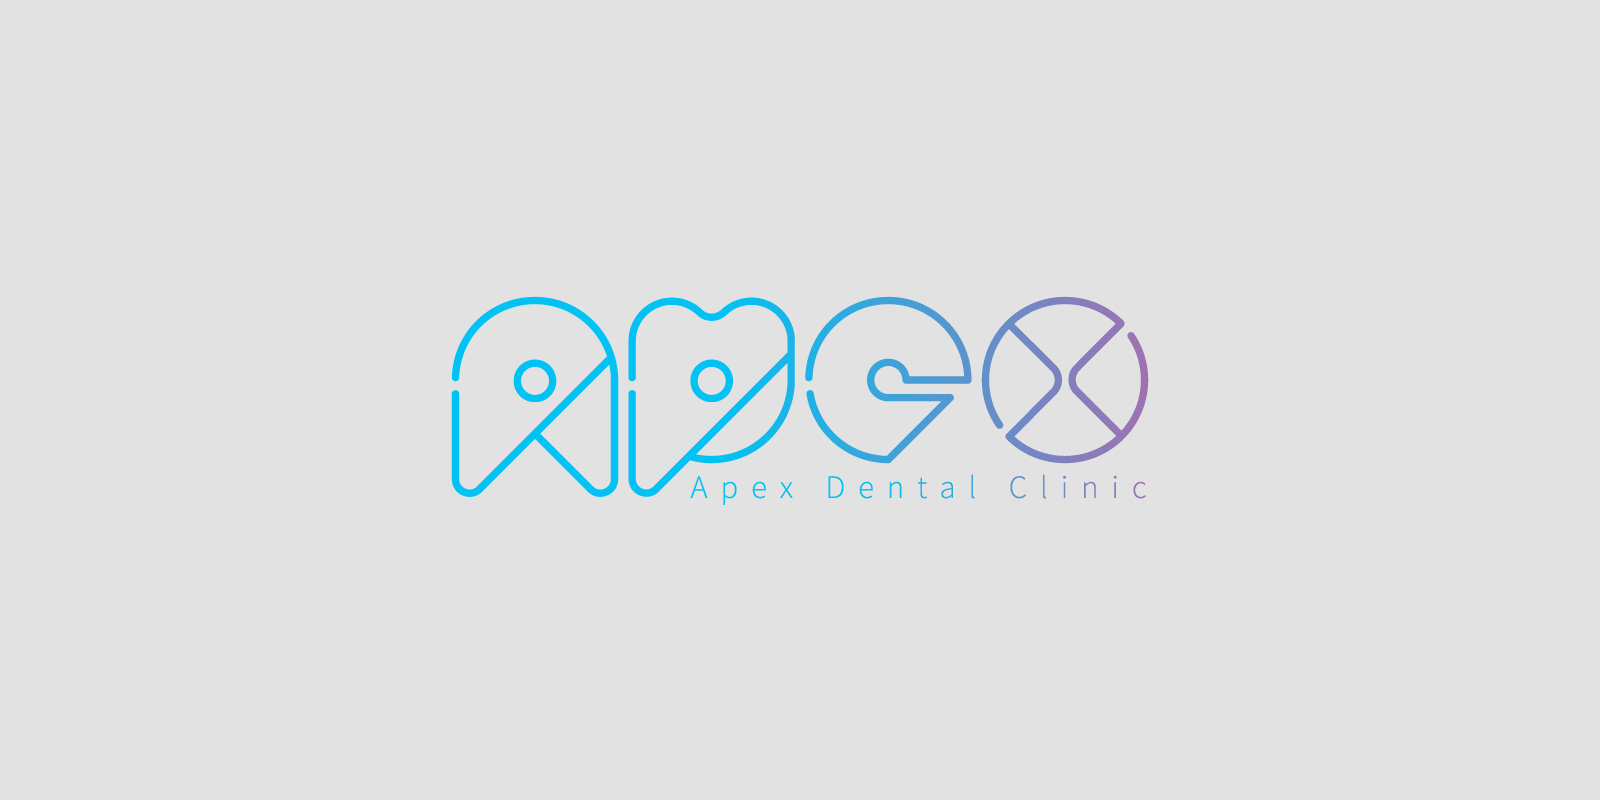 APEX-Dental-Clinic-Logo-Design
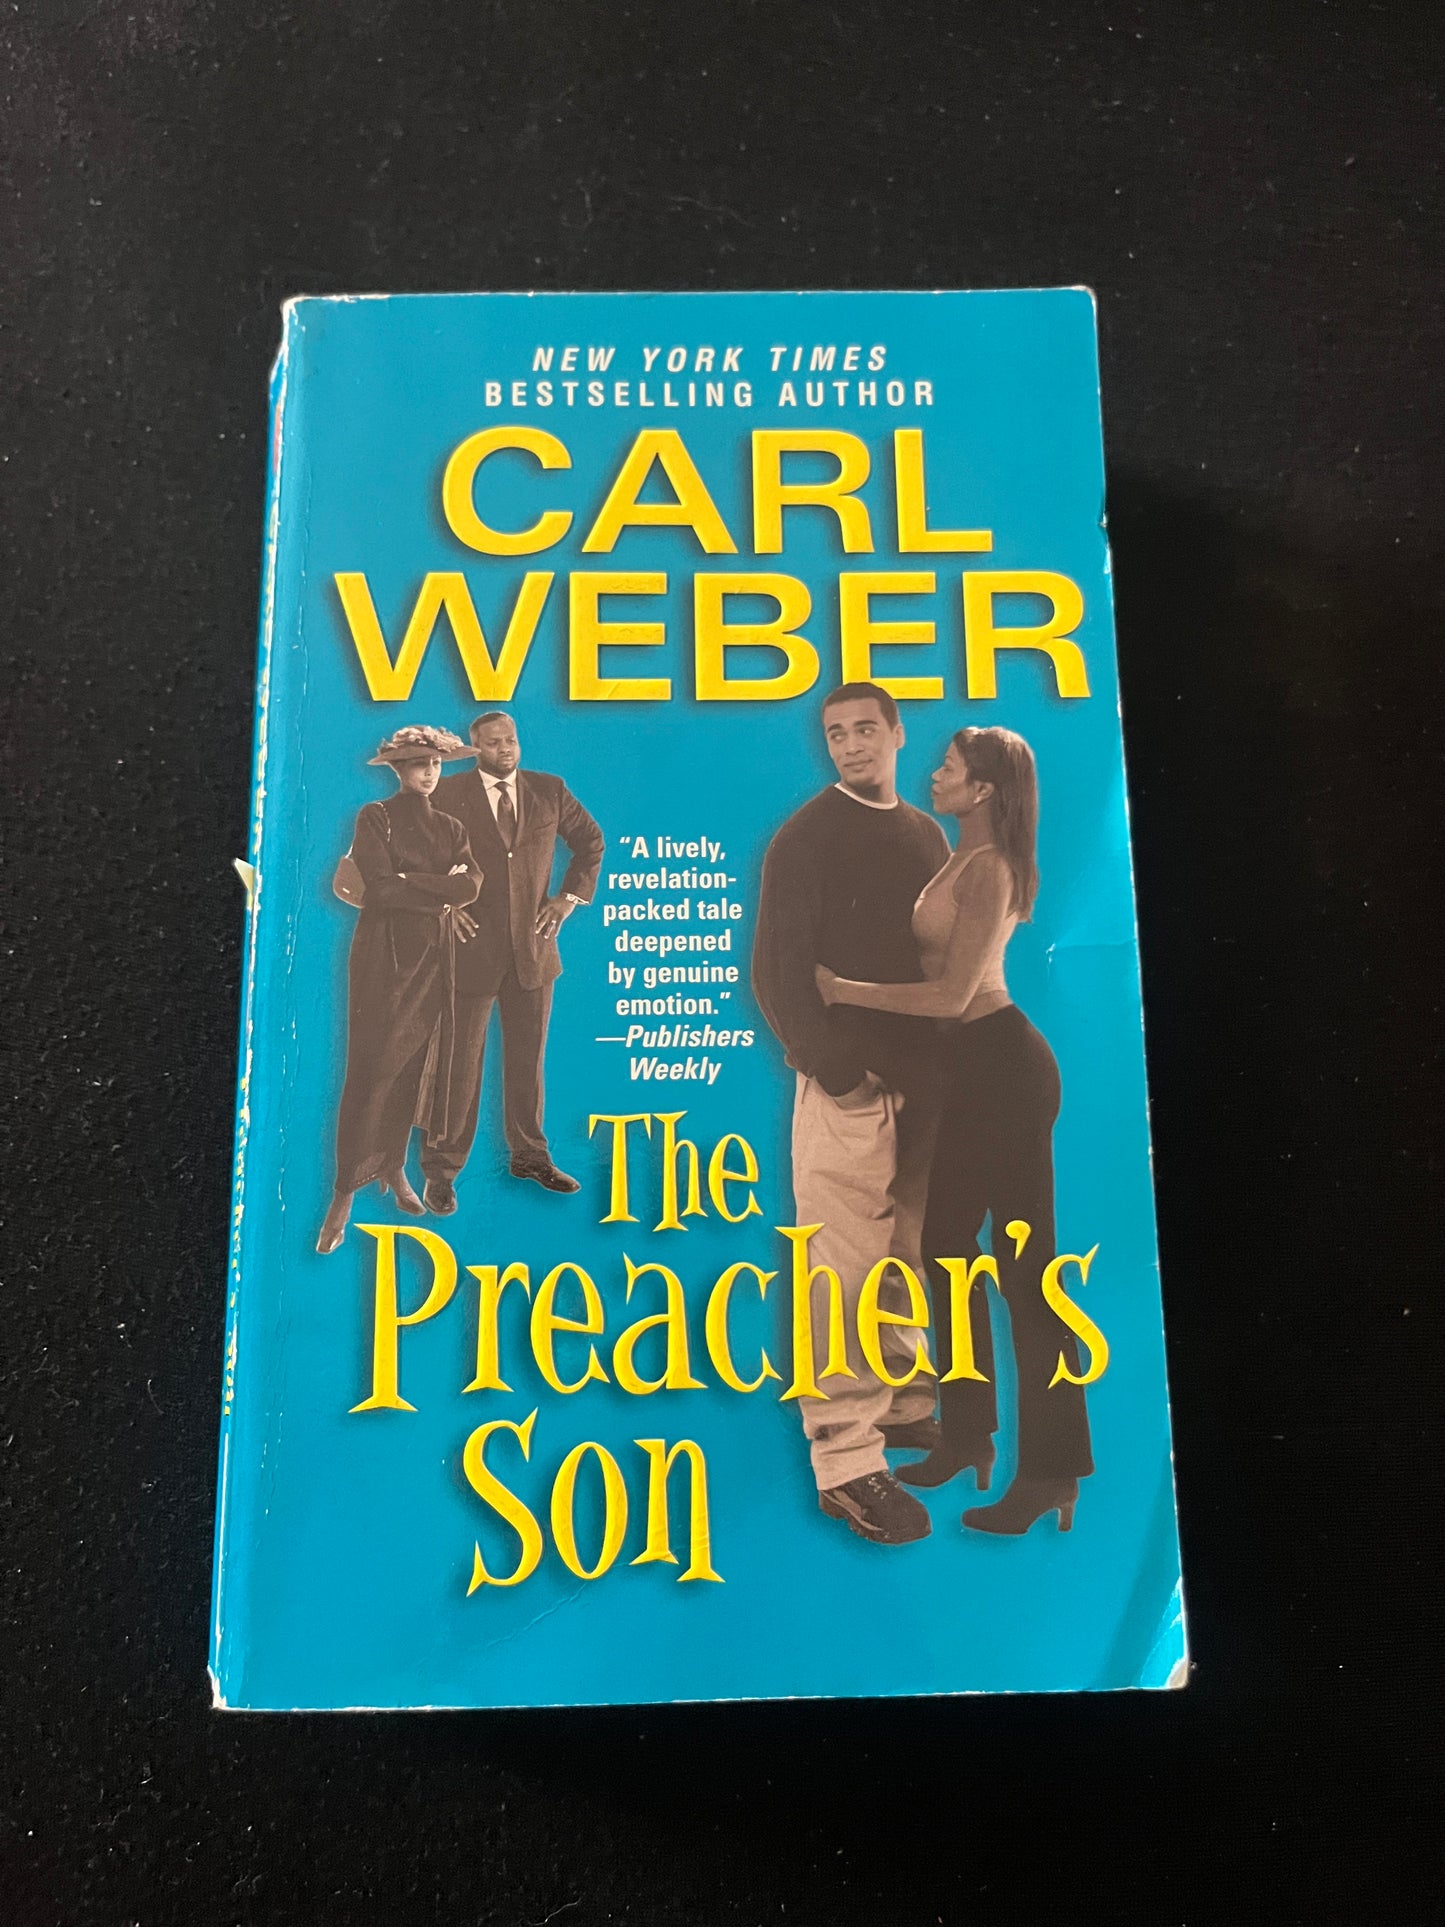 THE PREACHER'S SON by Carl Weber
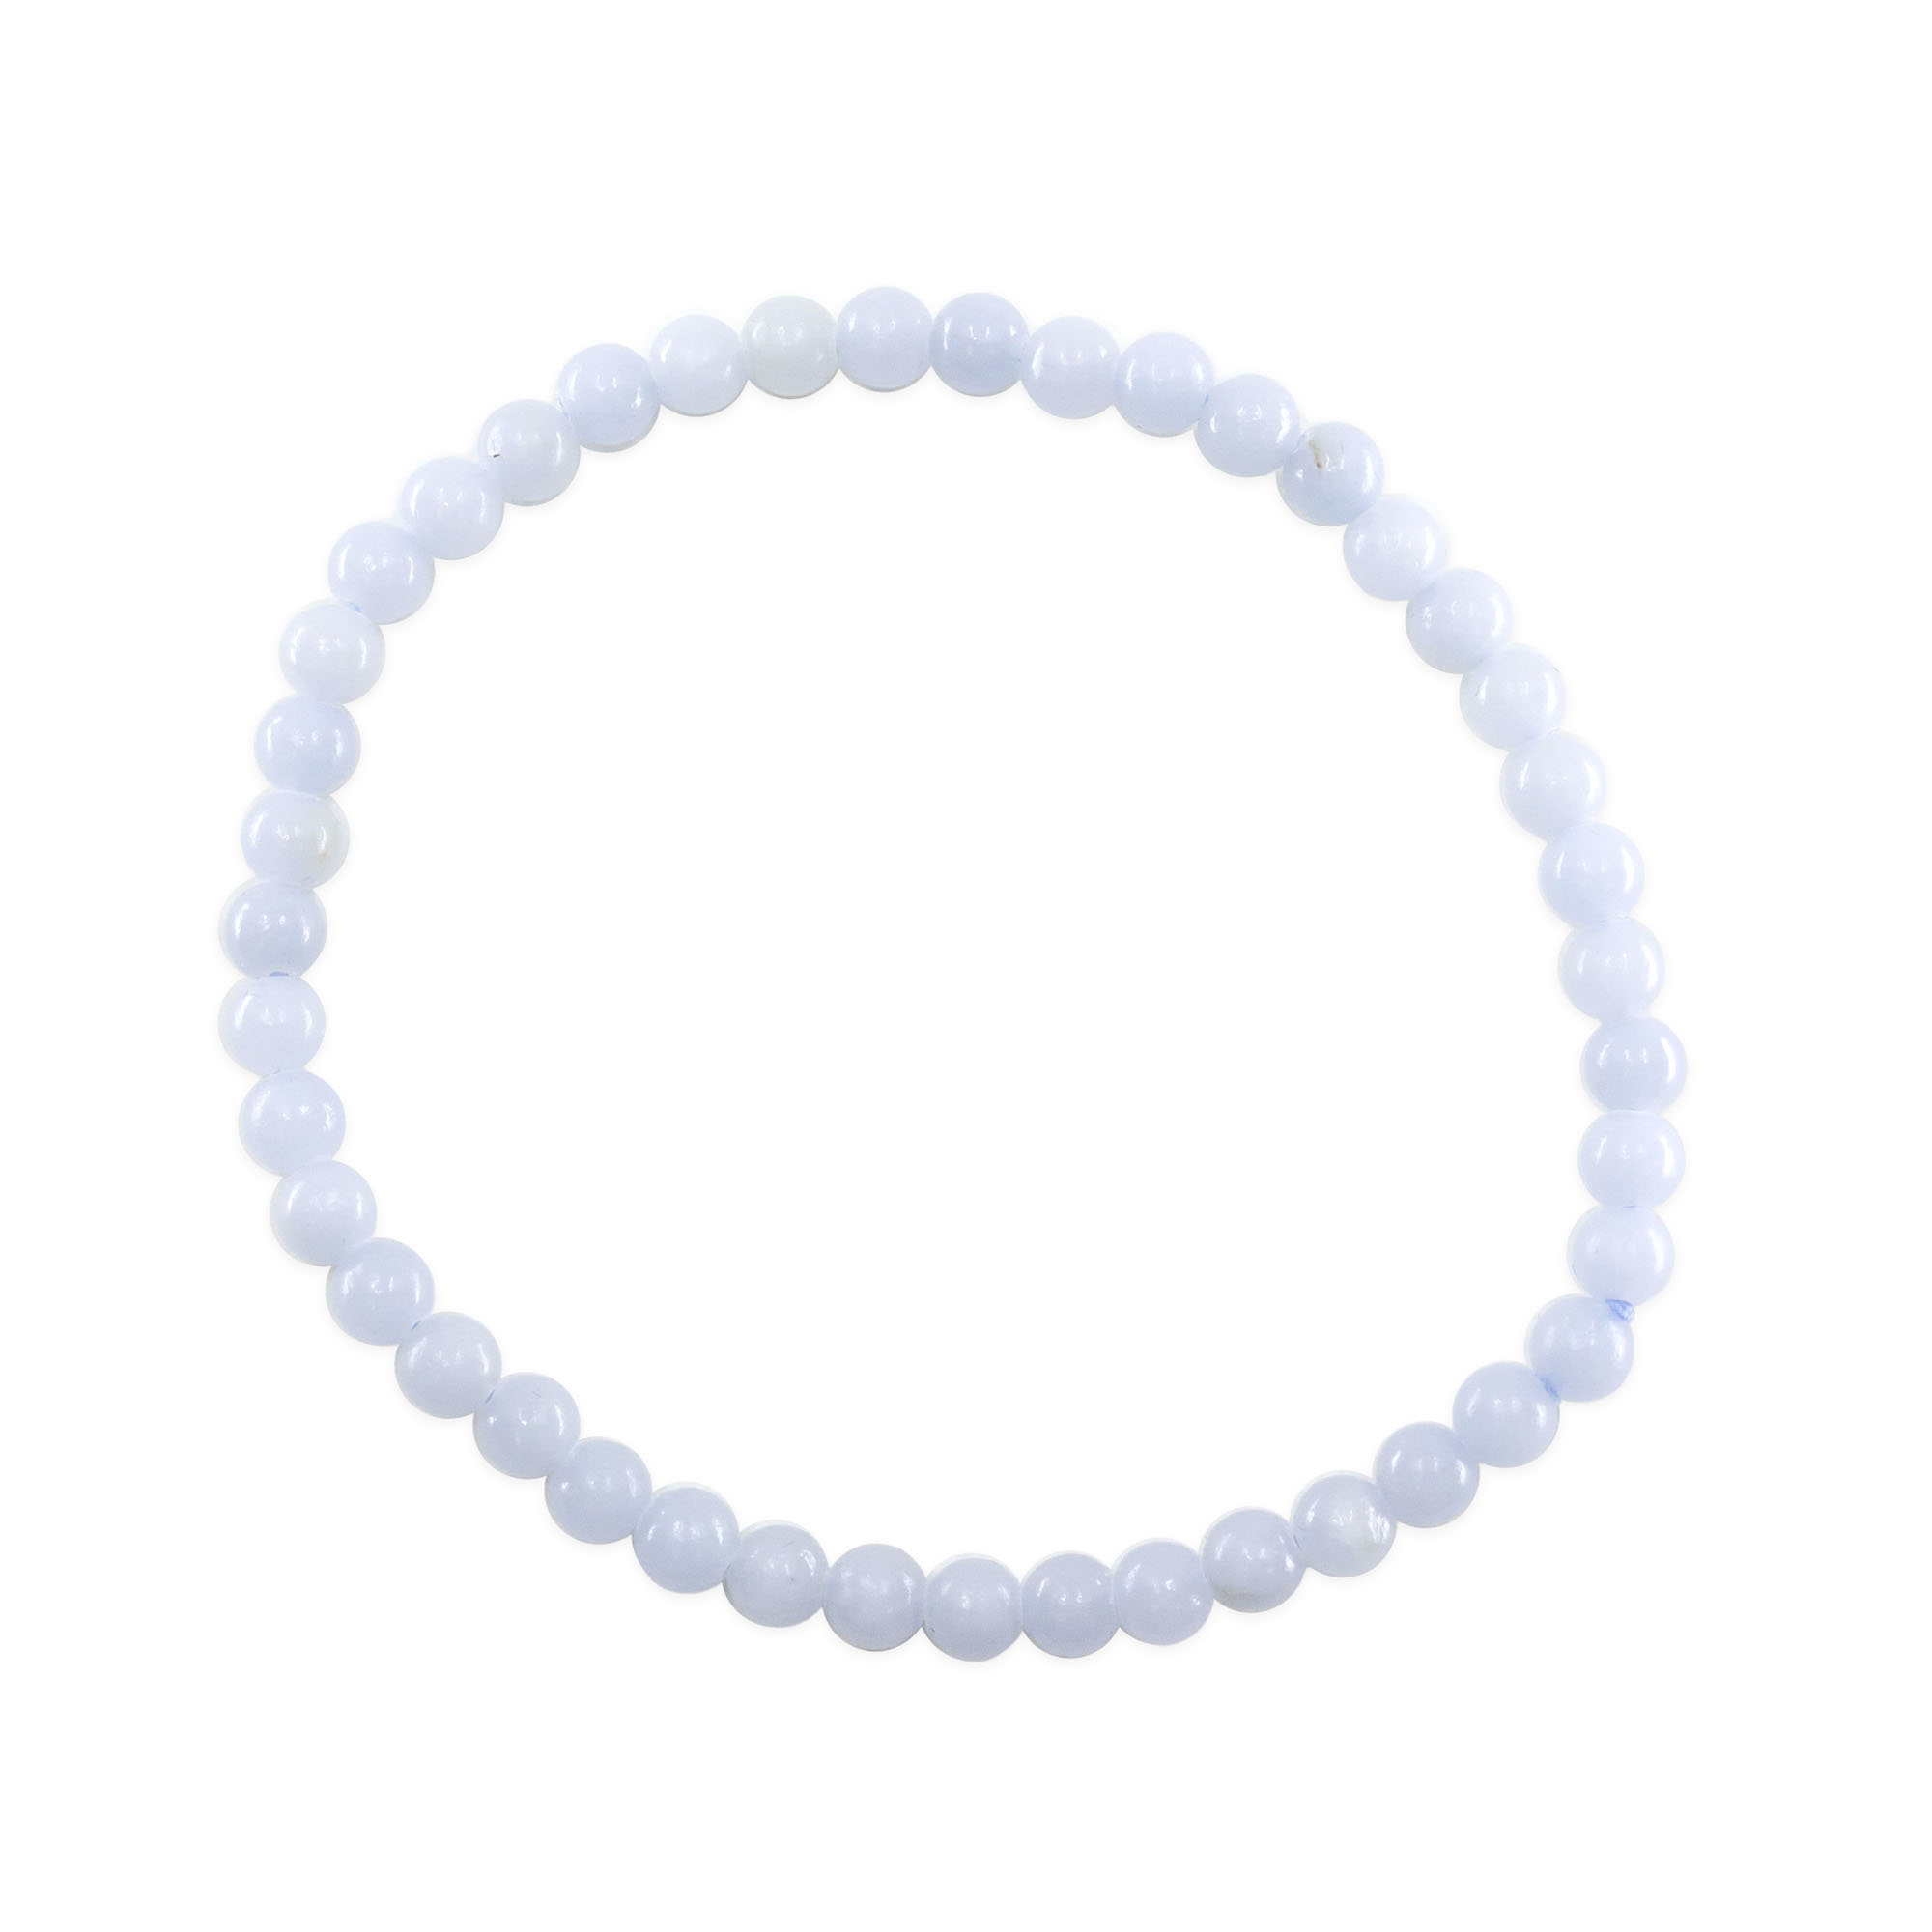 Aquarius Zodiac Bracelet: White Silver Letter Beads and rhodonite stone  beads
* * * * *
What needs to be done: All lines from the line containing "THE PREACHER'S SON by Carl Weber" through the end of the listing above are to be given again exactly; pictures are not part of the copy.

Answer section:
 THE PREACHER'S SON by Carl Weber
 Aquarius Zodiac Bracelet: White Silver Letter Beads and rhodonite stone  beads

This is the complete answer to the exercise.